Mrs. Freeman had the look on her face of someone not accustomed to being contradicted. “Do you have another?”
“I don’t believe in theories,” McGee said. “Maybe I don’t have your imagination.”
“You’re a doer,” Mrs. Freeman said, “not a thinker?”
“When I was twelve,” McGee said, “I destroyed the tree house my parents built.”
Mrs. Freeman blinked at her uncertainly.
“I’ve never felt as much clarity as I did then.”
The old woman raised her eyes, staring at the factory. “I tried to save it,” she said. “I really did.”
For the first time all evening, she looked as though she’d made a move without first plotting her defense.
“But I was too late,” Mrs. Freeman said. “Years and years too late.”
McGee realized a new piece had come on the radio, something she didn’t recognize. “I told you something about myself,” she said. “What about you?”
The old woman raised her hands, and for a long moment she studied them, the wrinkles and spots and burgundy old-lady nail polish. And then she lowered them again, folding her hands on top of the phone in her lap.
“I’ve never had a cigar.”
McGee reached into her duffel bag and took out her cigarettes. She handed one into the backseat. “It’s the best I can do.”
Mrs. Freeman took the cigarette between her fingers. They were shaking more than they had before. “This must be important to you,” she said. “I don’t believe I’d have your courage.”
McGee stretched out her arm and picked up the phone and placed it back in the old woman’s palm. “Here’s your chance.”
Mrs. Freeman lifted her eyes, once again looking off across the parking lot. She put the cigarette between her lips. “How about a light?”
At first there was only one small explosion, a cloud of smoke and dust that enveloped the factory almost all the way up to the top of the smokestack.
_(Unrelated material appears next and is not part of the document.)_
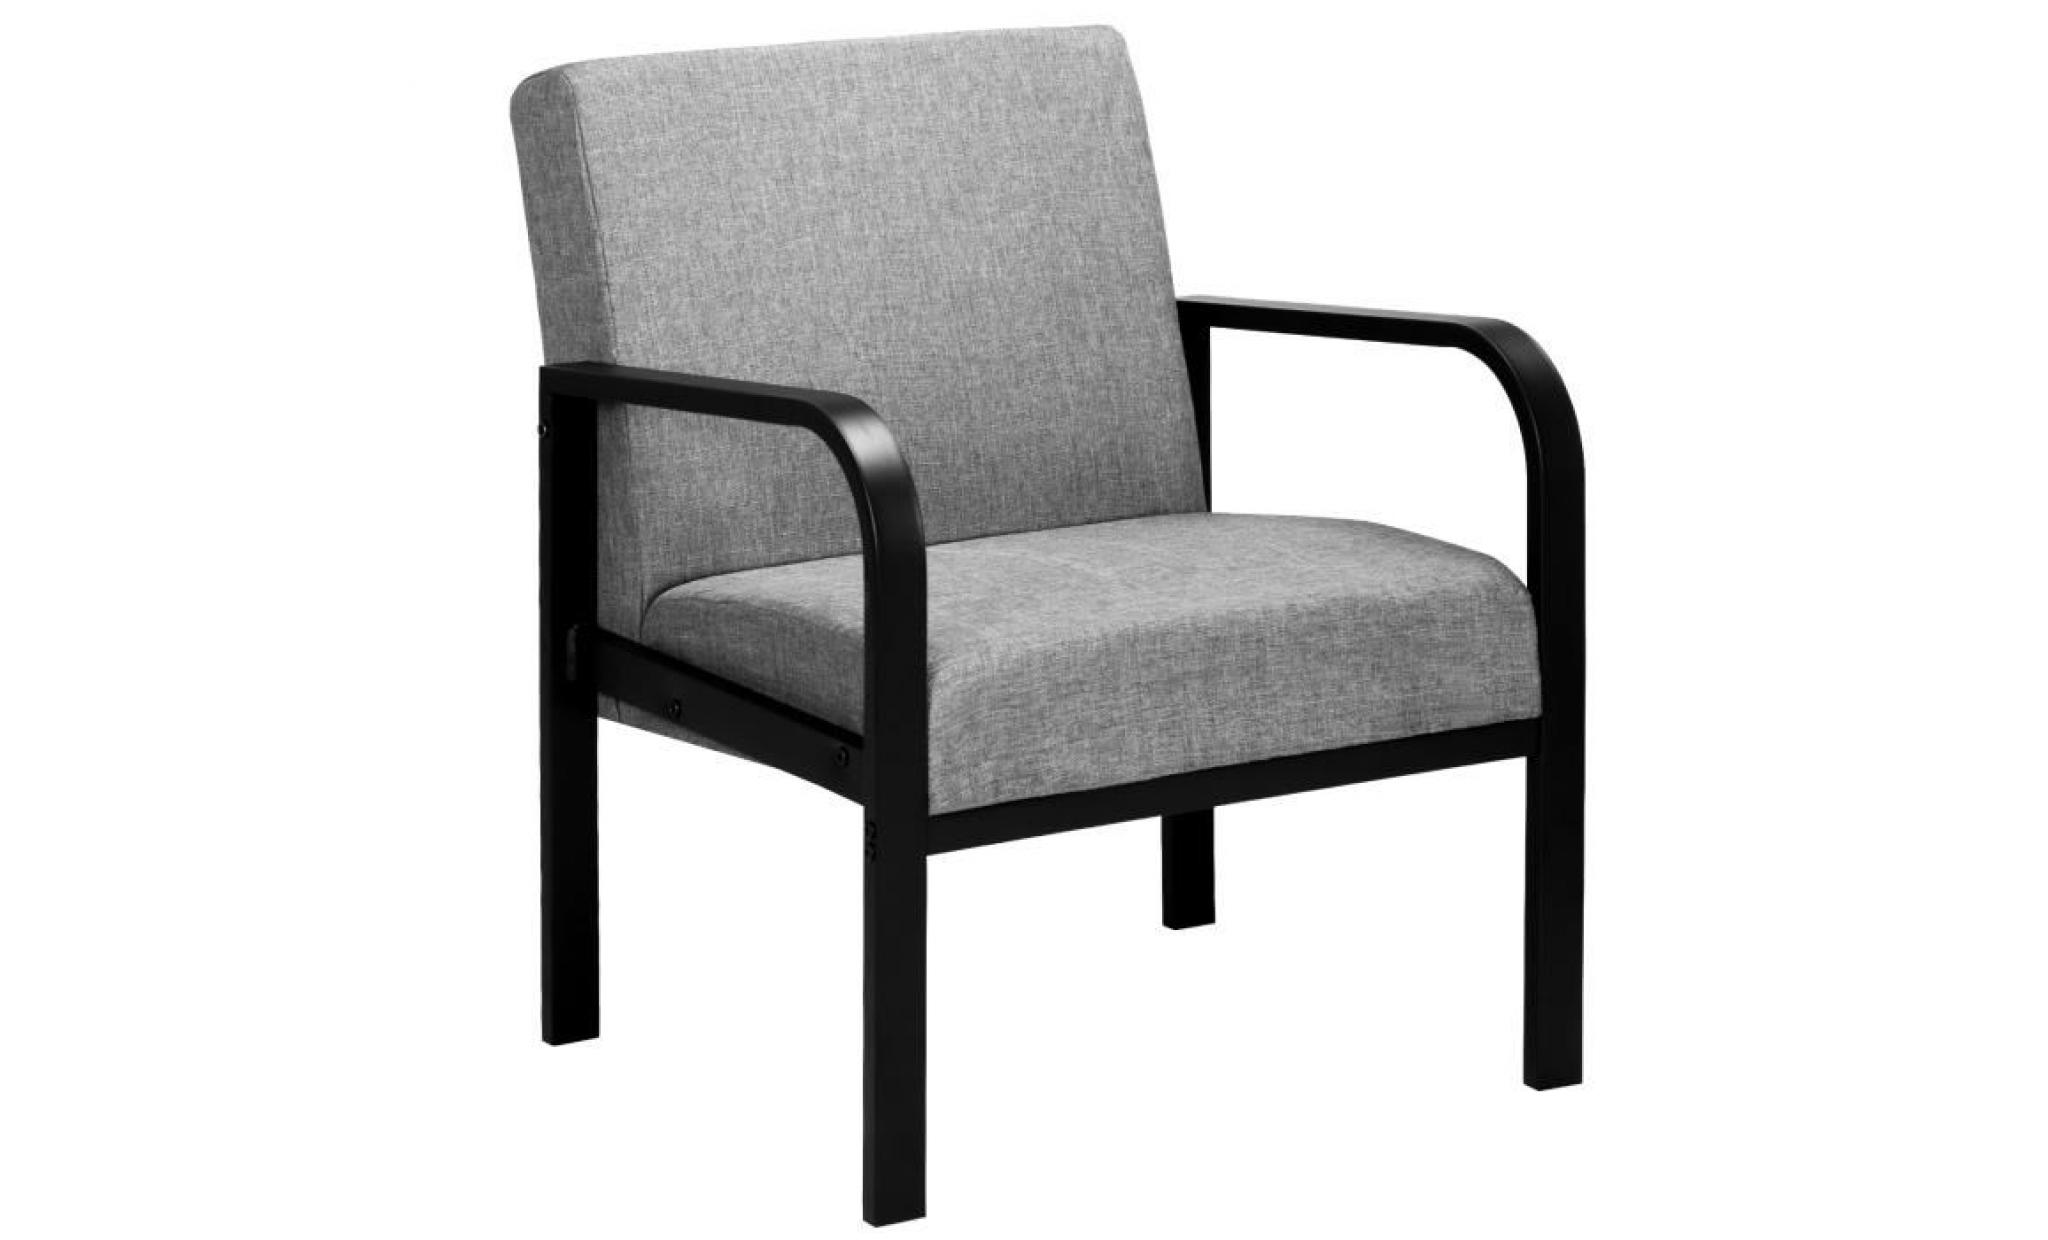 woltu fauteuil relax en acier et lin,fauteuil de jardin, fauteuil de télévision,siège bien rembourré en lin, gris

McGee feared something had gone wrong.
But then the second explosion followed the first, and almost in slow motion, an enormous brick wall folded in on itself. Then came the third and the fourth and the fifth explosions, and even the red light on top of the chimney flickered out in the thick black haze. On the roof and on the hood and on the windshield of the car, bits of debris rained down like hail. Within moments, they could no longer see through the glass. In the backseat of the car, phone cradled in her hand, the old woman sat openmouthed, awestruck. The cigarette dangled between her lips, continuing to burn.
McGee opened the door and got out. Now fade away.
The dog appeared one afternoon, uninvited, walking in the open front door and settling down beside the mattress. It didn’t bark, didn’t sniff, didn’t explore. Went right ahead and made itself at home. It looked a bit like a corgi, squat with little legs. Dobbs couldn’t imagine how such a ridiculous animal could have made it out there in the wild.
Inside the house, Dobbs had been making do with whatever Clementine brought him. Which on the day the dog arrived turned out to be a sack of broccoli and a couple of eggs.
“He’s cute,” Clementine said.
But he was also filthy.
Dobbs groaned himself into a sitting position. “Where’d the eggs come from?”
Clementine shrugged. “May-May’s neighbor.” She lifted the eggs out of the sack and set them up in a wobbly row on the table. “He went somewhere, I guess. Left a bunch of chickens.”
She had a small knife in the bag, too. Through his swollen eyes, he watched her cut thick slices of cucumber. “Lean back,” she said.
She arranged the cool cucumbers on his lids, not quite as gently as he would have liked.
“Feel better?”
“Better than nothing.”
Clementine had been the one to find him after Mike and Tim left him here, bloodied, huddled up in a ball. Not for dead. Not yet. She’d risked another grounding, she’d pointed out, saving his life.